* _PROBLEM DETAILS_
Please write the listing below out again exactly, leaving every picture behind.

* _DATA BLOCK_
= Beginning of Section =

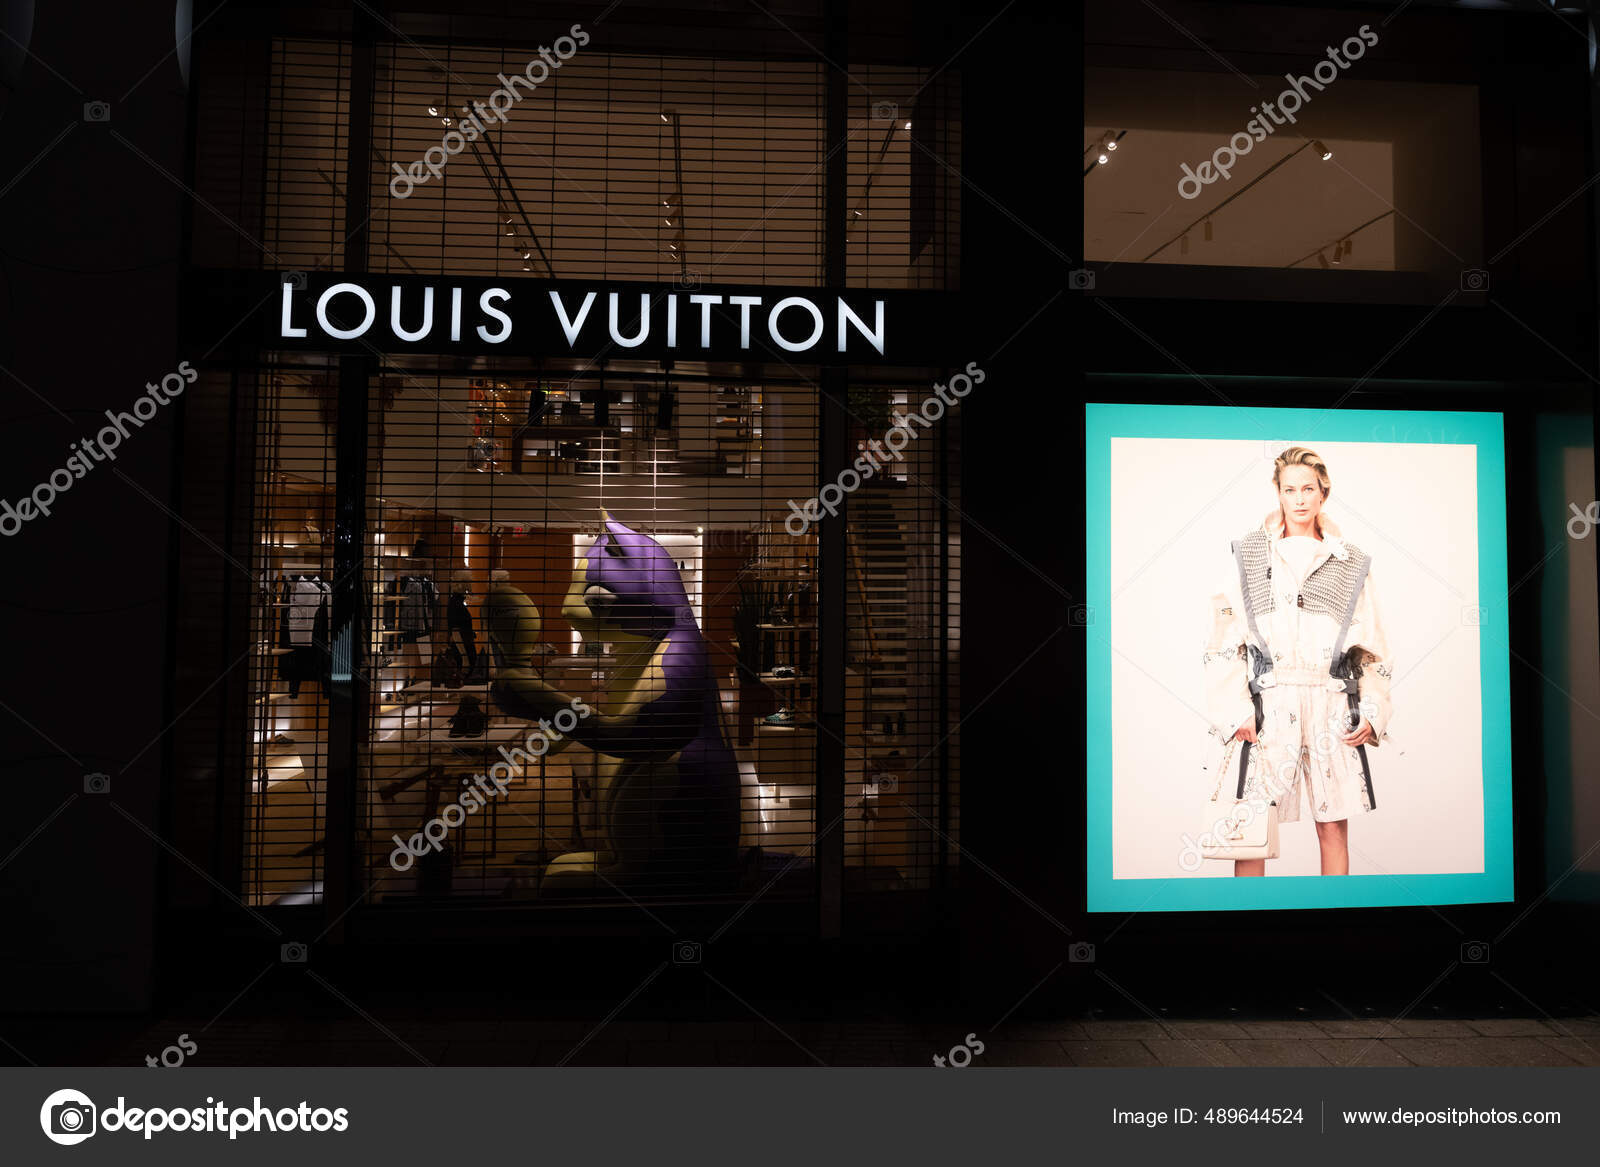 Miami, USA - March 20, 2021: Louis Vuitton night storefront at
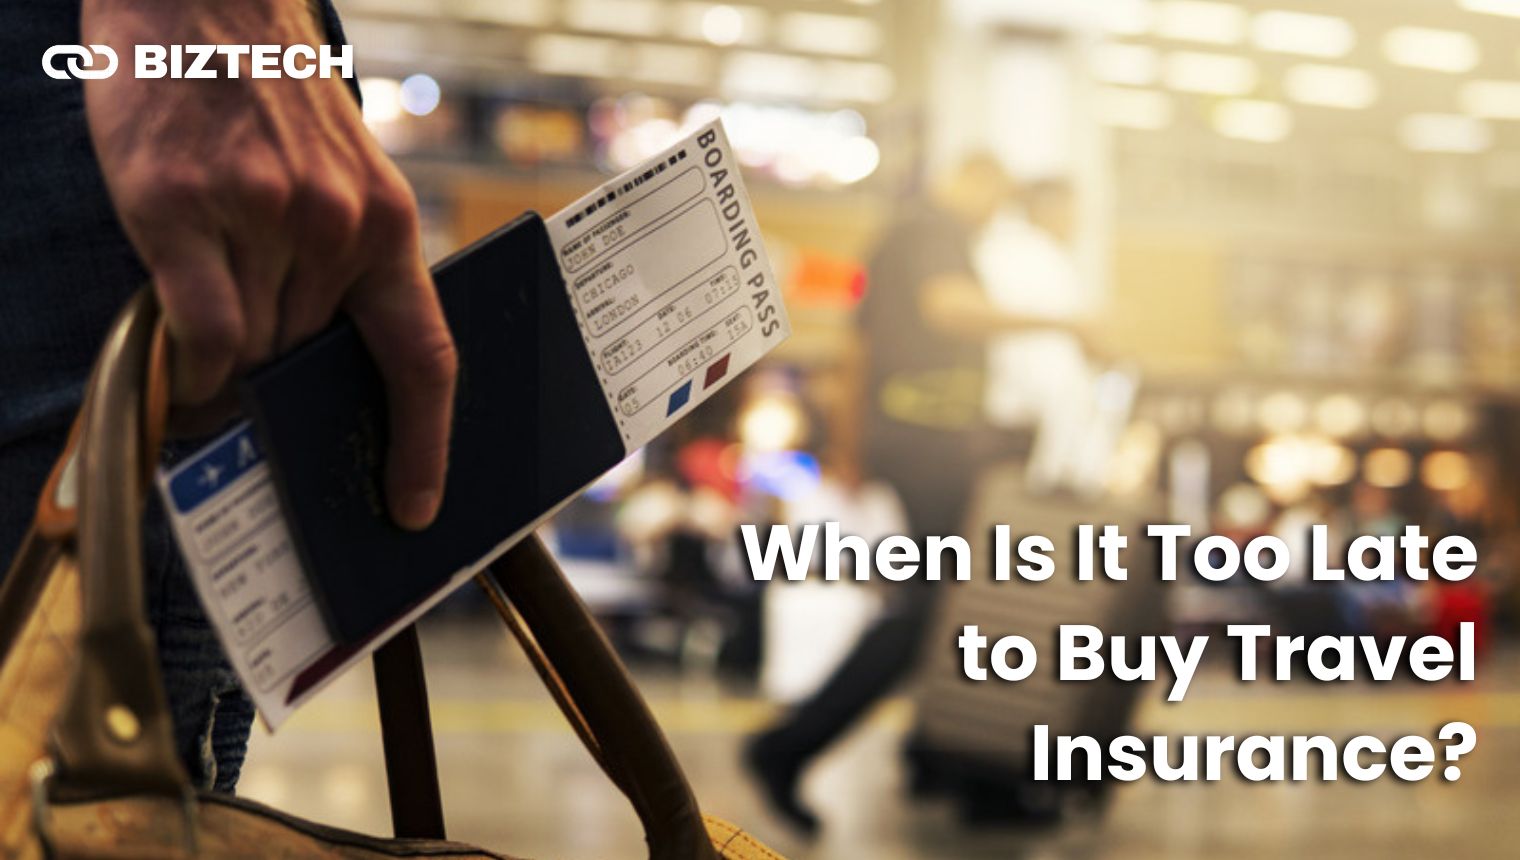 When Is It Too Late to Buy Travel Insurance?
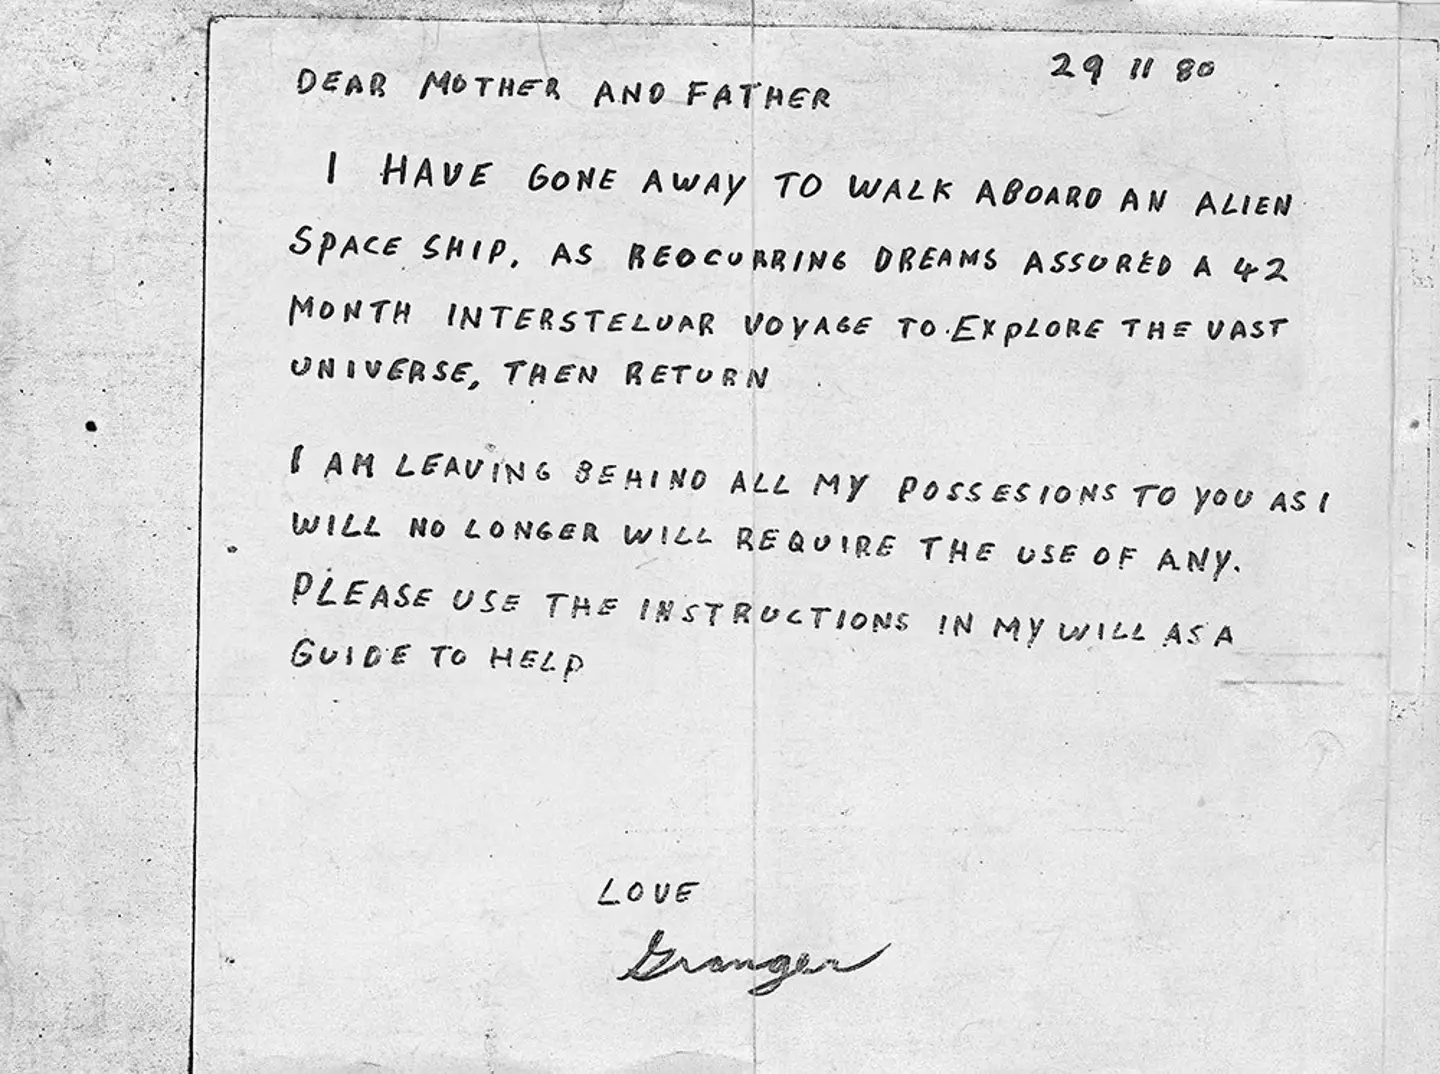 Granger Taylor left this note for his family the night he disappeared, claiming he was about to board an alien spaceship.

= End of Section =

* _RESPONSE FOR THIS EXERCISE_
 Miami, USA - March 20, 2021: Louis Vuitton night storefront at
 When Is It Too Late to Buy Travel Insurance?
 Granger Taylor left this note for his family the night he disappeared, claiming he was about to board an alien spaceship.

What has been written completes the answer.